Right of access – The right of access (Article 15) is a data subject right. It gives citizens the right to access their personal data and information about how this personal data is being processed. A data controller must provide, upon request, an overview of the categories of data that are being processed (Article 15(1)(b)) as well as a copy of the actual data (Article 15(3)). Furthermore, the data controller has to inform the data subject on details about the processing, such as the purposes of the processing (Article 15(1)(a)), with whom the data is shared (Article 15(1)(c)), and how it acquired the data (Article 15(1)(g)).
Right to erasure– A right to be forgotten was replaced by a more limited right of erasure in the version of the GDPR that was adopted by the European Parliament in March 2014. Article 17 provides that the data subject has the right to request erasure of personal data related to them on any one of a number of grounds.
Records of processing activities– Records of processing activities must be maintained that include purposes of the processing, categories involved and envisaged time limits. The records must be made available to the supervisory authority on request (Article 30)
What are my duties in the event of a data breach under GDPR?
Data breaches – Under the GDPR, the data controller is under a legal obligation to notify the supervisory authority without undue delay unless the breach is unlikely to result in a risk to the rights and freedoms of the individuals. There is a maximum of 72 hours after becoming aware of the data breach to make the report (Article 33). Individuals have to be notified if adverse impact is determined (Article 34). In addition, the data processor will have to notify the controller without undue delay after becoming aware of a personal data breach (Article 33).
Under GDPR as a Data processor or controller, what sanctions will be imposed in the event of non-compliance?
Sanctions – The following sanctions can be imposed:
- A warning in writing in cases of first and non-intentional noncompliance.
- Regular periodic data protection audits.
- A fine up to €10 million or up to 2% of the annual worldwide turnover of the preceding financial year in case of an enterprise, whichever is greater, if there has been an infringement of the following provisions: (Article 83, Paragraph 5 & 6).

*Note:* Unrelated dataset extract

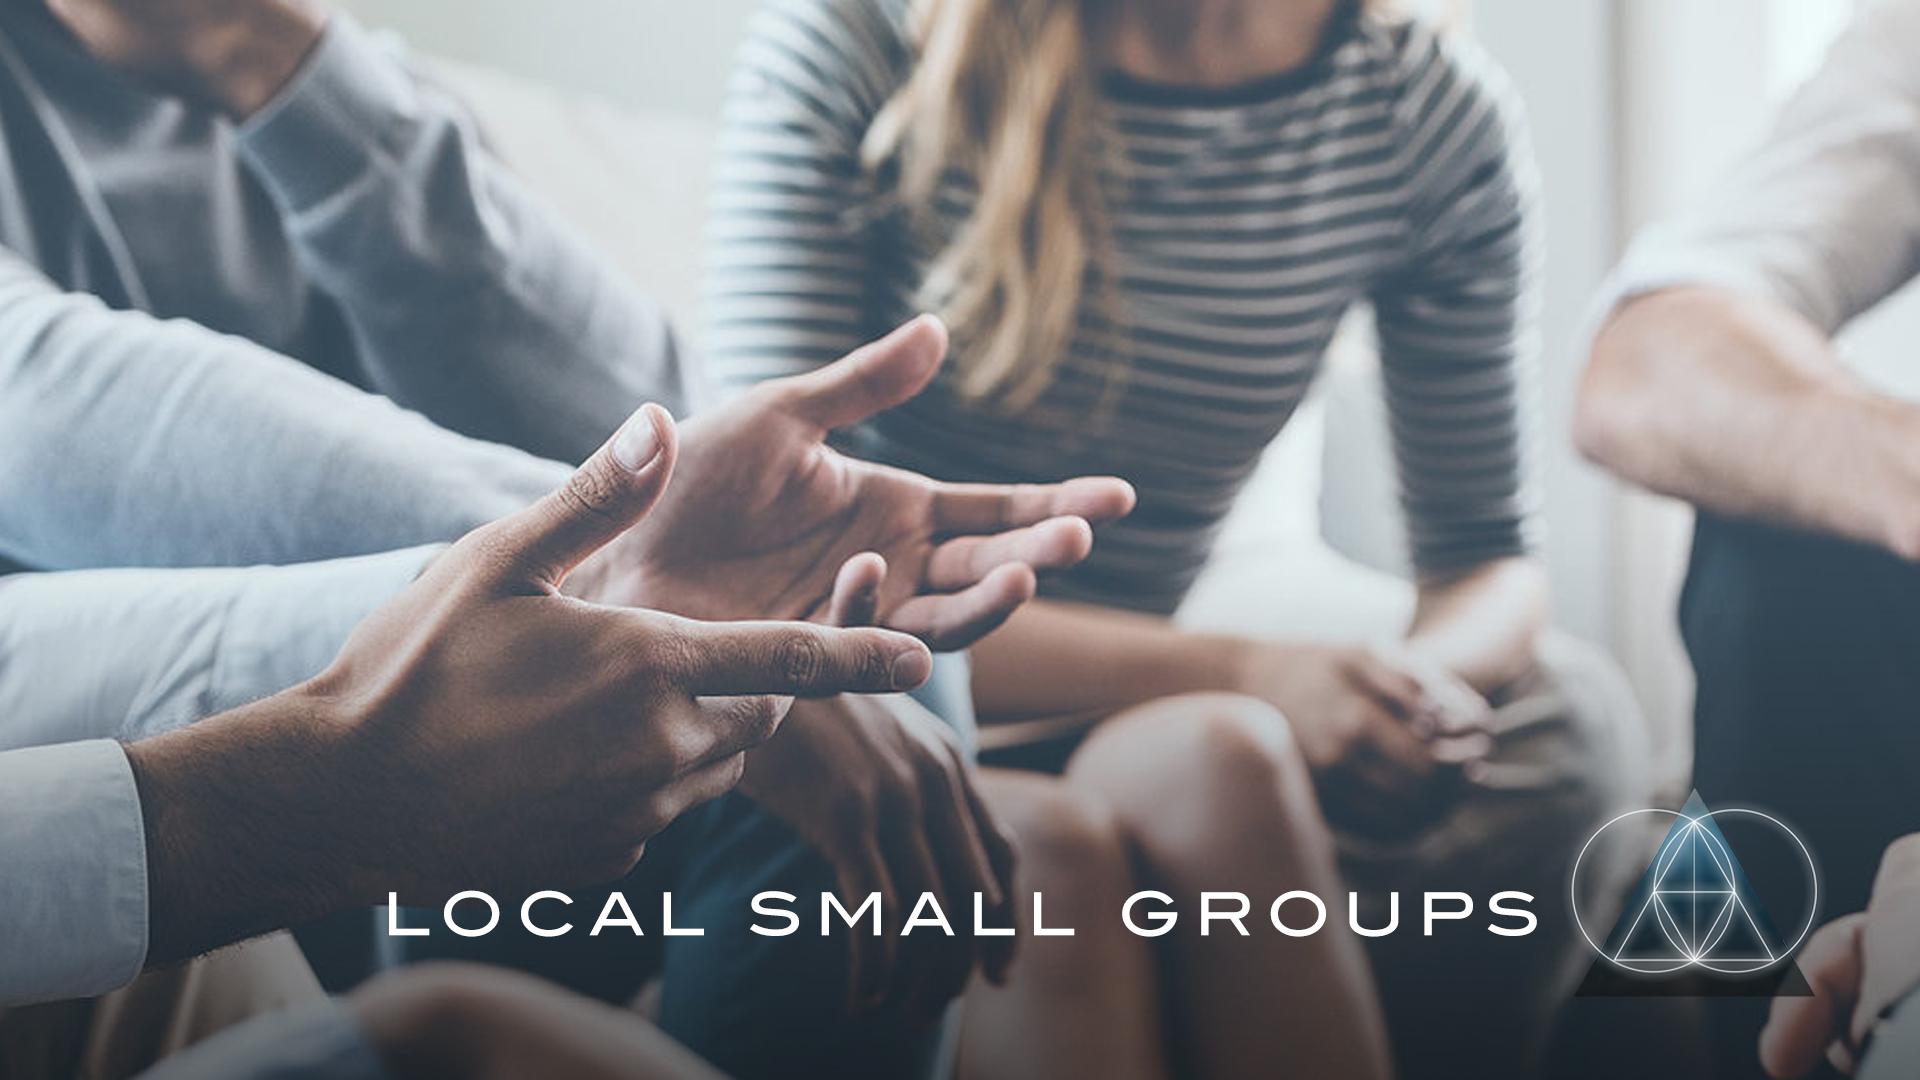 modern spirituality - local small groups
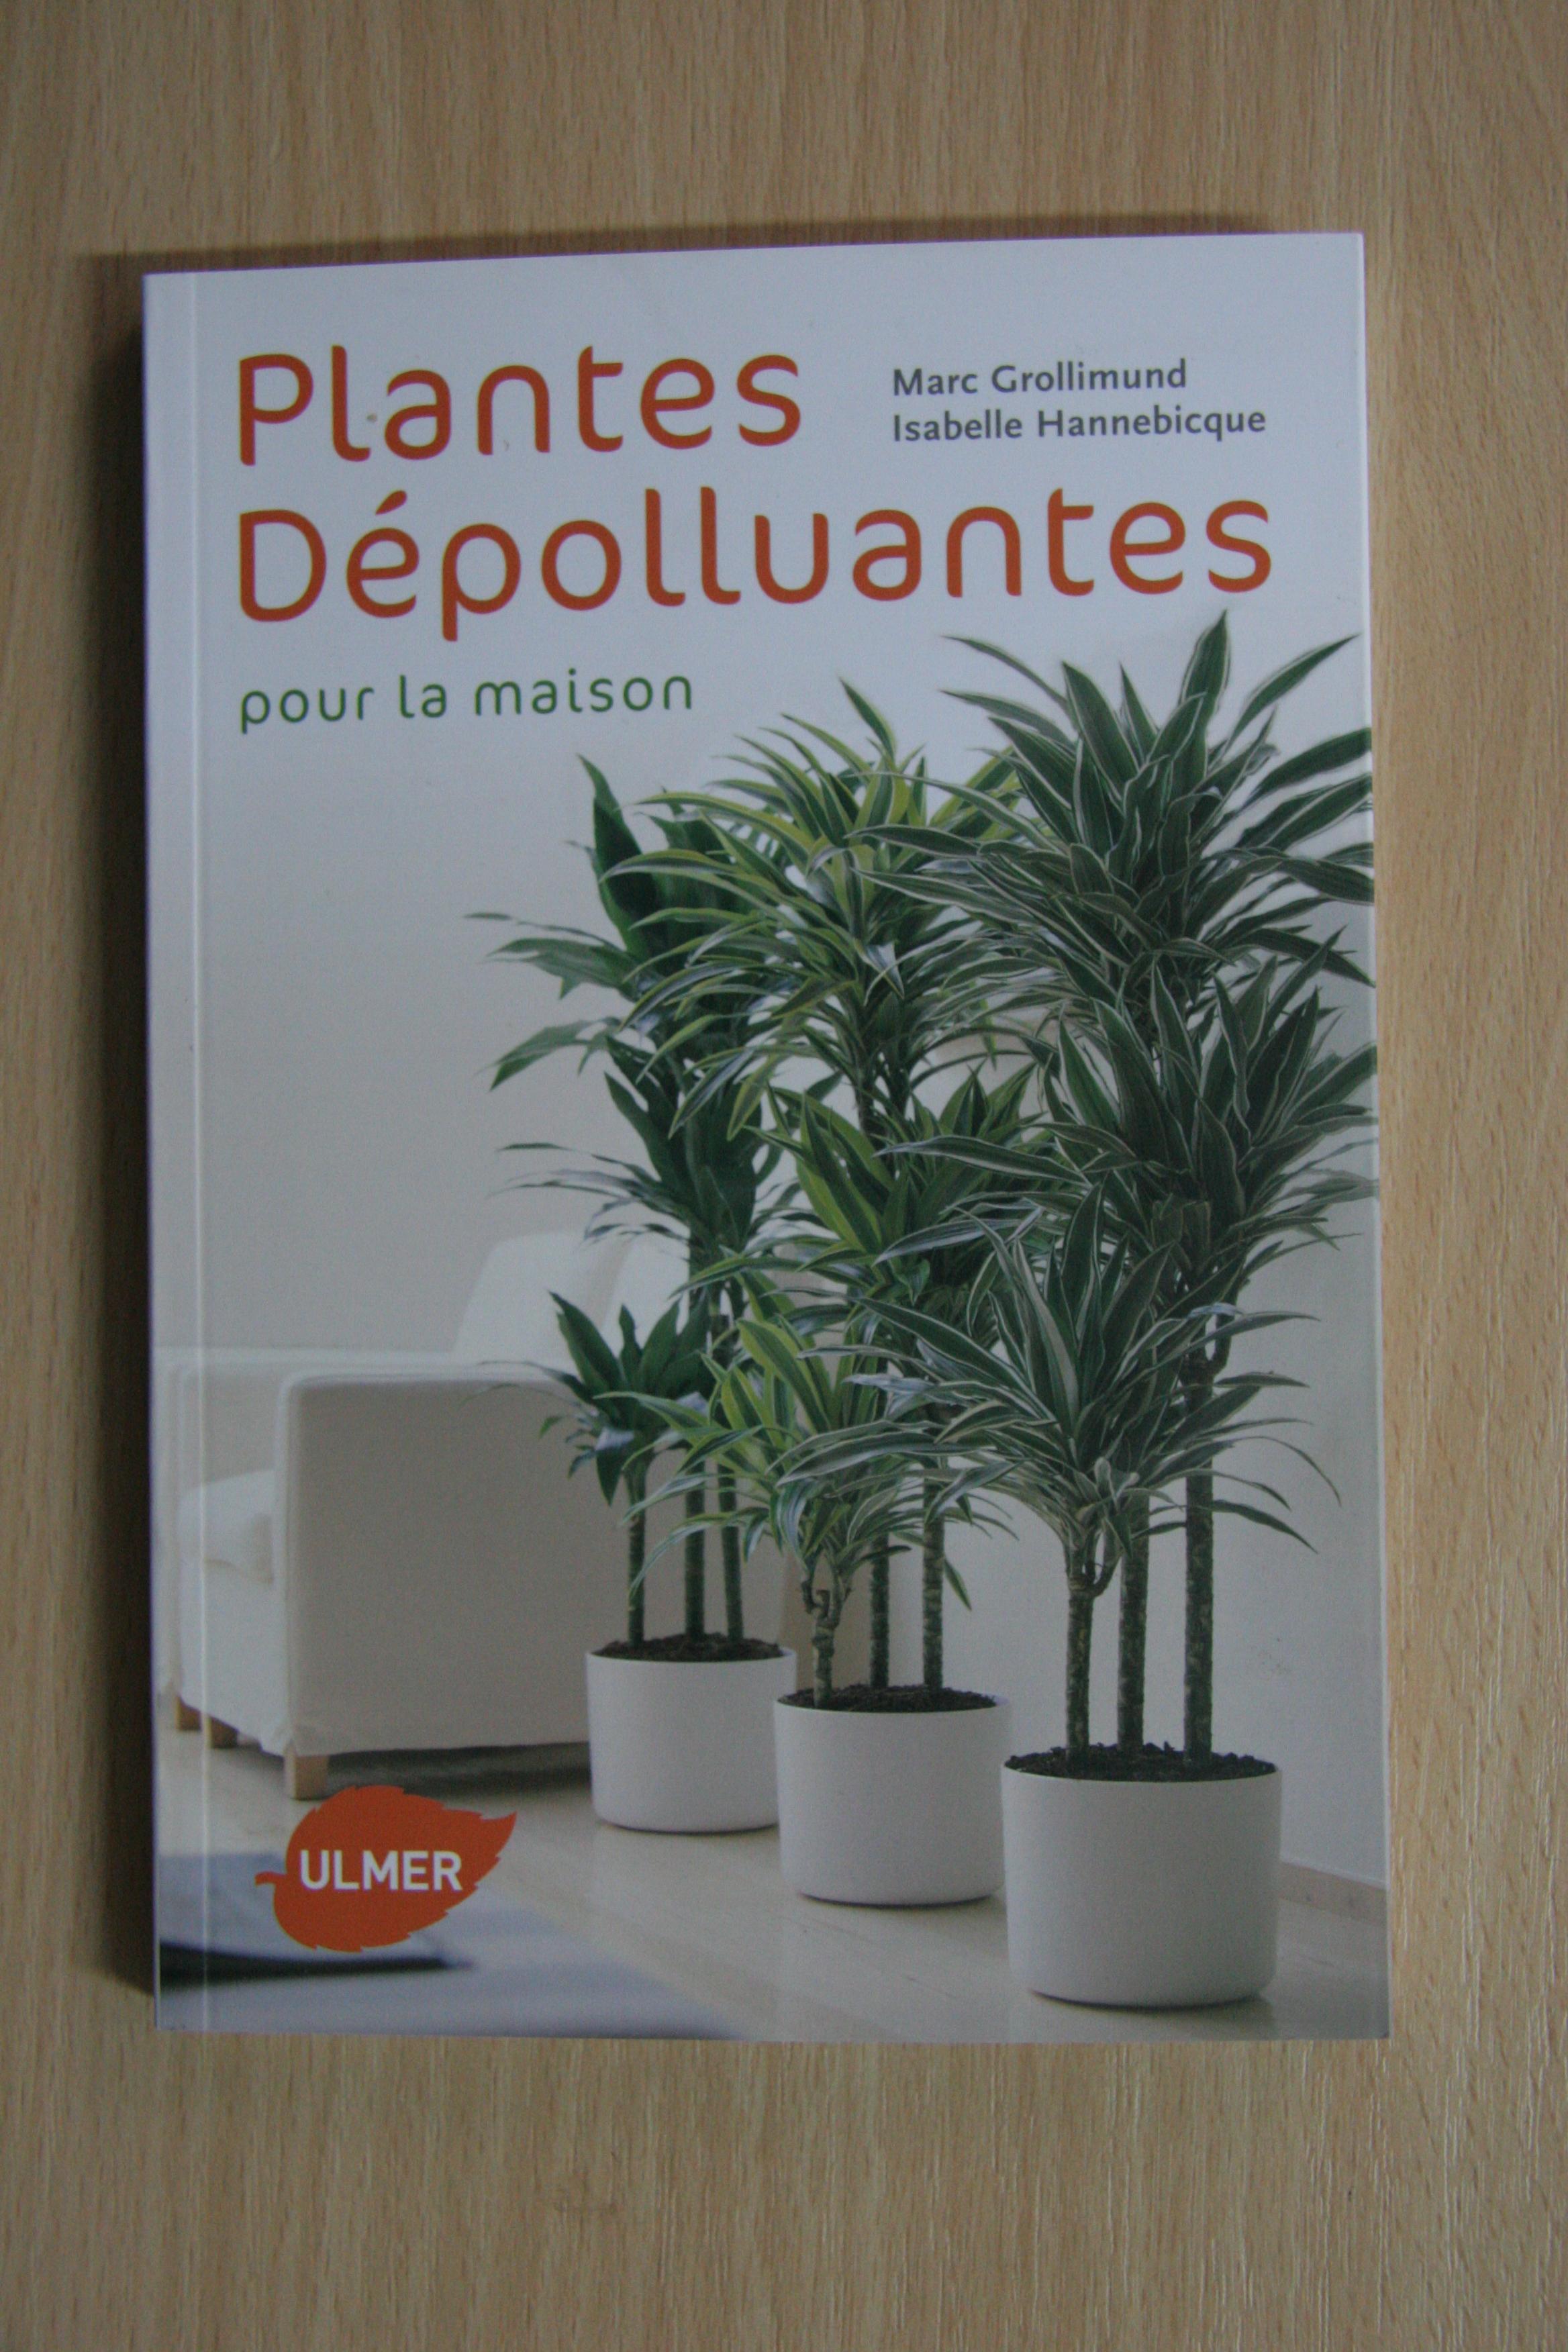 Plante verte interieur depolluante 28 images plante of Plantes depolluantes

- A fine up to €20 million or up to 4% of the annual worldwide turnover of the preceding financial year in case of an enterprise, whichever is greater, if there has been an infringement of the following provisions: (Article 83, Paragraph 4)
So what have I learned from this article on GDPR?
As a small business if I collect or process European users data as defined under this law,
- Information security professional firm to review my business process & risk.
- Conduct a risk assessment with a focus on GDPR.
- Develop and document policies to address GDPR regulation.
- Develop controls or remediation if I do not have them already in place for sensitive data under GDPR.
- Conduct a risk assessment of vendors focused on GDPR.
- Remediate “critical” or “ high” risk gaps.
- Develop a continuous compliance program.